2002.02.06
東 邦亜鉛(青木矗社長)は、次年度に向けてコスト削減策の上積みと新規事業の拡充を両輪に体制強化を図り、競争力向上に注力する。生産集約を含めたアラインスは検討課題としながらも、成果を見極めることを前提として、今後、検討を積み重ねていく。

 同社は、今期業績予想について、中間期に通期で20億円規模の経常利益を予想。亜鉛市況と需要低迷下で、完全達成は難しいとの見通しながらも、昨年後半から進めてきた緊急収支改善計画の成果積み上げなどから、未達部分を最小限度に抑えるメドをほぼつけたもようだ。
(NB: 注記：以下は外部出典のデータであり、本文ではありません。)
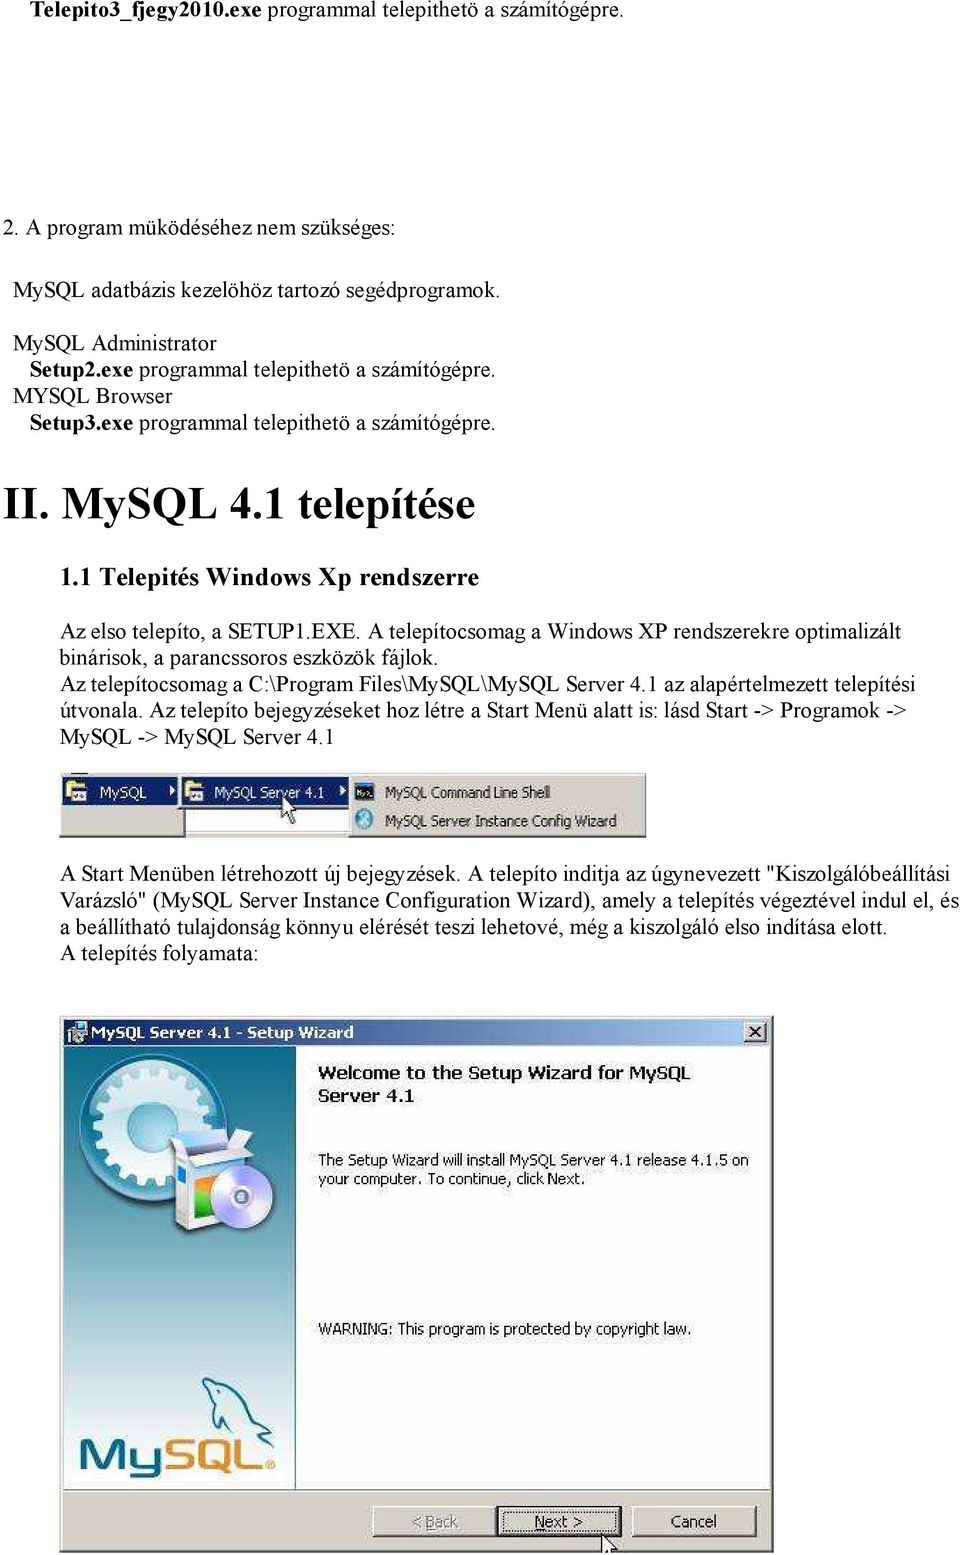 A telepítocsomag a Windows XP rendszerekre optimalizált binárisok, a parancssoros eszközök fájlok. Az telepítocsomag a C:\Program Files\MySQL\MySQL Server 4.1 az alapértelmezett telepítési útvonala.

 現在の売上高比率である製錬65%、非製錬35%については、従来の事業展開をベースにしながらも、独自色を打ち出し、非製錬部分の拡充を図っていく方針。

昭 和電工の古澤昭常務は5日、アルミニウム事業の現状と見通しなどについて記者会見を行った。このなかで、古澤常務は、来月にアルミニウム材料品事業とアルミニウム加工品事業部門を統合させ、一貫生産体制強化を図ることで、シナジー効果を上げていくと強調。当面の目標値としては、単体売上高2000億円、連結売上高2500億円で全社ベースの3分の1強を占めることになるが、増収よりも収益改善に力を入れる。今後3年間では、営業利益30億円分の増益を図っていきたいとしている。

昭 和電線電纜は4日、(1)給与の暫定調整(2)事業再編で22億円のコスト削減(3)社内カンパニー制導入――を柱とする事業・費用構造の見直し策を発表した。

 給与の暫定調整については、全従業員を対象に02年2月から03年3月までに平均10%を調整するほか、役員については約20%の調整を行う。

昭 和電工メタルセンターはこのほど、02年の西側世界アルミ新地金需給および相場見通しを策定した。それによると、02年の需給バランスは63・9万トンの供給過剰となる。また、LME相場は1250―1500ドルのレンジ内の推移となる。年間平均は1360ドルを見込んでいる。

 02年の西側世界の需要は、今年半ばまで続くとみられる米国景気後退が、世界全体へ悪影響を与え、西側全体のアルミ需要は前年比1%増の1904万6000トンにとどまる。

 

ヤ マハ発動機は5日、高真空のダイカスト技術「ヤマハCFアルミダイキャスト技術」を発表した。新技術を用いることでアルミダイカスト製品は従来品に比べ、約30%の軽量化と約80%の部品数の削減が可能となり、アルミ使用量の削減、製造工程の簡素化で生産コストを従来比30%削減を見込んでいる。